|Most GPCR ligands activate multiple signalling pathways spanning four G protein classes: Gq/11, Gi/o, Gs and G12/13 with 16 subtypes. Furthermore, arrestin proteins mediate GPCR signalling, desensitisation and internalisation.||A biased ligand preferentially actives only one singalling pathway. A new candidate analgesic drug, oliceridine selectively stimulates the μ-opioid receptor Gi/o pathway, but lacks the ß-arrestin mediated constipation and respiratory depression.|
Drug development has an 86% failure rate –mainly due to insufficient efficacy or to side effects. For GPCRs this could be solved by ‘biased ligands’ which re-route cellular pathways to therapeutic actions away from side effects. However, this huge potential is inaccessible because few GPCRs have biased ligands and we do not yet know the molecular mechanisms to rationally design them.

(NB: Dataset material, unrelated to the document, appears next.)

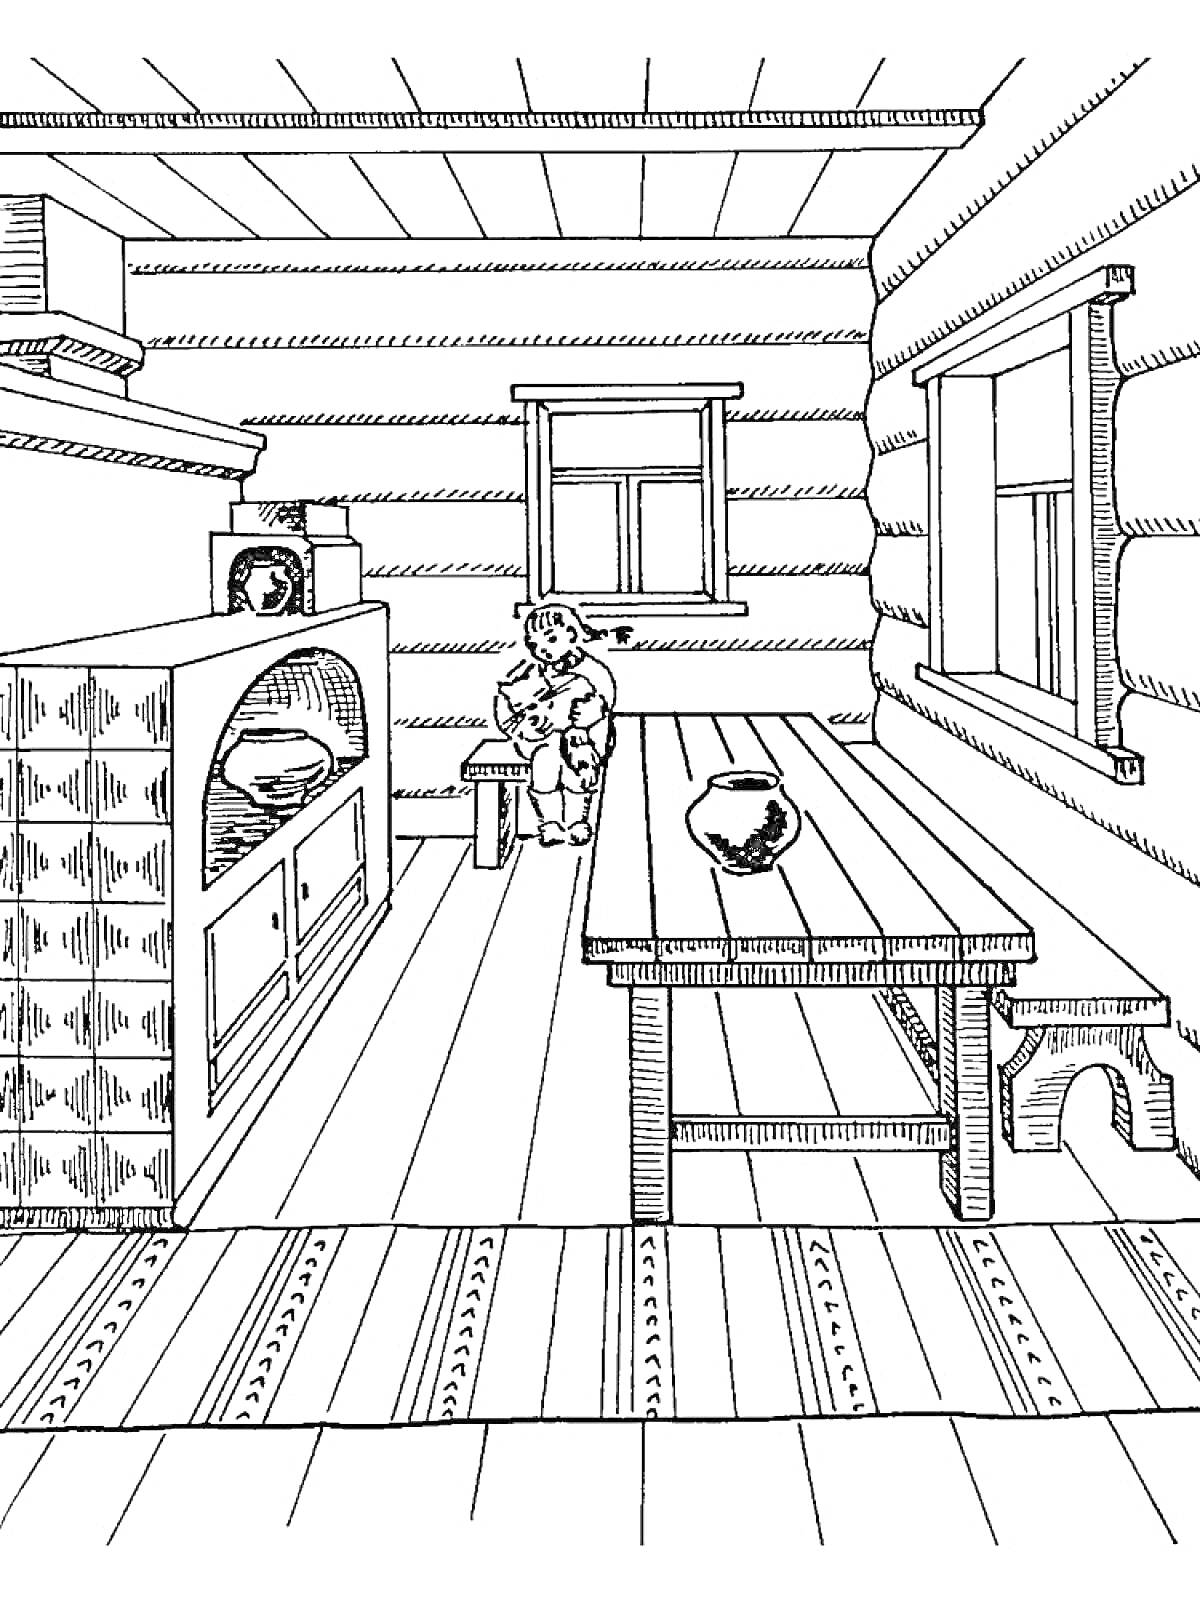 Изба с печью, длинным деревянным столом, скамейкой и женщиной с ребенком, стоящими возле окна

Biased ligands: We will create a database of known biased ligands and identify new such ligands through computational drug design. A PhD training network, SAFER has set out to identify biased ligands for the serotonin 2A receptor (5-HT2A), which mediates the effect of recreational drugs, e.g. LSD and agents in clinical trials for treatment-resistant depression and anxiety. A Novo Nordisk Foundation Ascending Investigator grant focuses on the free fatty acid receptor 4 – a target for diabetes and inflammation – will also pharmacologically profile the signalling of known reference ligands and drugs to identify signalling bias. Going forward, we would like to take on a wider challenge to build a virtual screening pipeline to identify novel ligands with signalling bias for many more GPCRs.
Pathway effects: We will make an online atlas of the physiological and therapeutic effects of individual GPCR signalling pathways, thereby providing the rationale for which pathways to target in drug discovery and receptor function studies. So far, few such effects are known. However, much more such data will soon become available, from e.g. the new European research network on signal transduction, ‘ERNEST’ and as more clinical trials evaluate biased candidate drugs. We are also exploring computational drug design to identify G protein/b-arrestin inhibitors that would constitute very valuable tools to map (patho)physiological pathways.
Structures and mechanisms: We plan to (application pending) to develop protein engineering and online tools to ease the generation of GPCR structures bound to G proteins and biased ligands, which could elucidate molecular mechanisms to design biased tool compounds and drugs.